–Estimates Treasury Will Record $283b Deficit 1st 2 months FY’2011

WASHINGTON (MNI) – The following are excerpts from the U.S.
Congressional Budget Office’s December Budget Review publisjed Monday
with it’s estimate for last month’s deficit. The U.S. Treasury
Department is scheduled to release its monthly statement December 10:

The federal budget deficit was $283 billion for the first two
months of fiscal year 2011, CBO estimates, $14 billion less than the
shortfall recorded through November of last year.

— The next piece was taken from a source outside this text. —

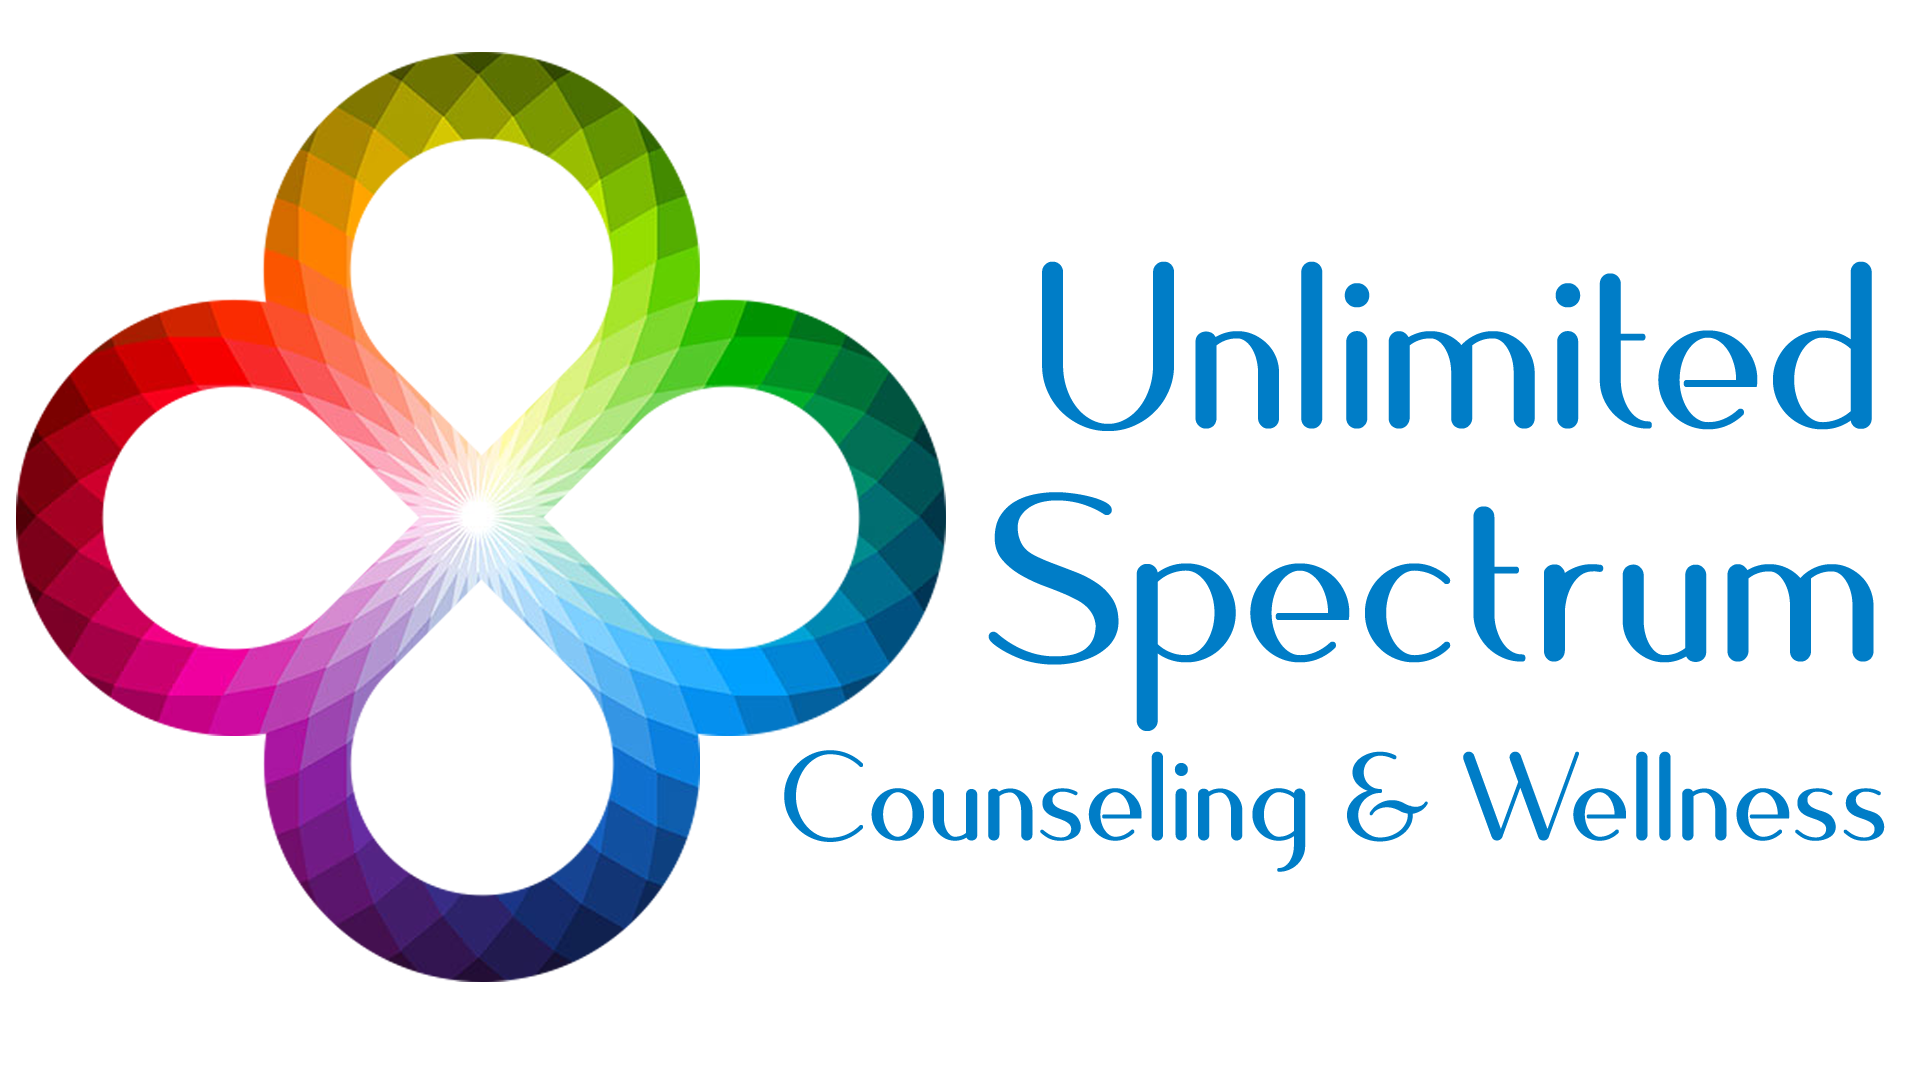 Unlimited Spectrum Counseling & Wellness

Outlays and revenues
alike are higher than they were last year at this time, by about 2
percent and 9 percent, respectively.

The deficit in November was $142 billion, CBO estimates, $22
billion more than the deficit in the same month last year. However, if
the outlay figures were adjusted for shifts in the timing of certain
payments, the deficit for November 2010 would be $4 billion less than
the shortfall in November 2009.

CBO estimates that receipts in November 2010 totaled $148 billion,
$14 billion (or 11 percent) more than receipts in November 2009.
Individual income and payroll taxes combined rose by $15 billion (or 13
percent), largely because of an $11 billion (or 8 percent) rise in
withheld taxes, the result of both the strengthening economy and the
effects of an additional working day in November this year. An increase
of $1 billion in nonwithheld individual income and payroll taxes and a
decline of $3 billion in individual income tax refunds also contributed
to the rise in individual and payroll receipts.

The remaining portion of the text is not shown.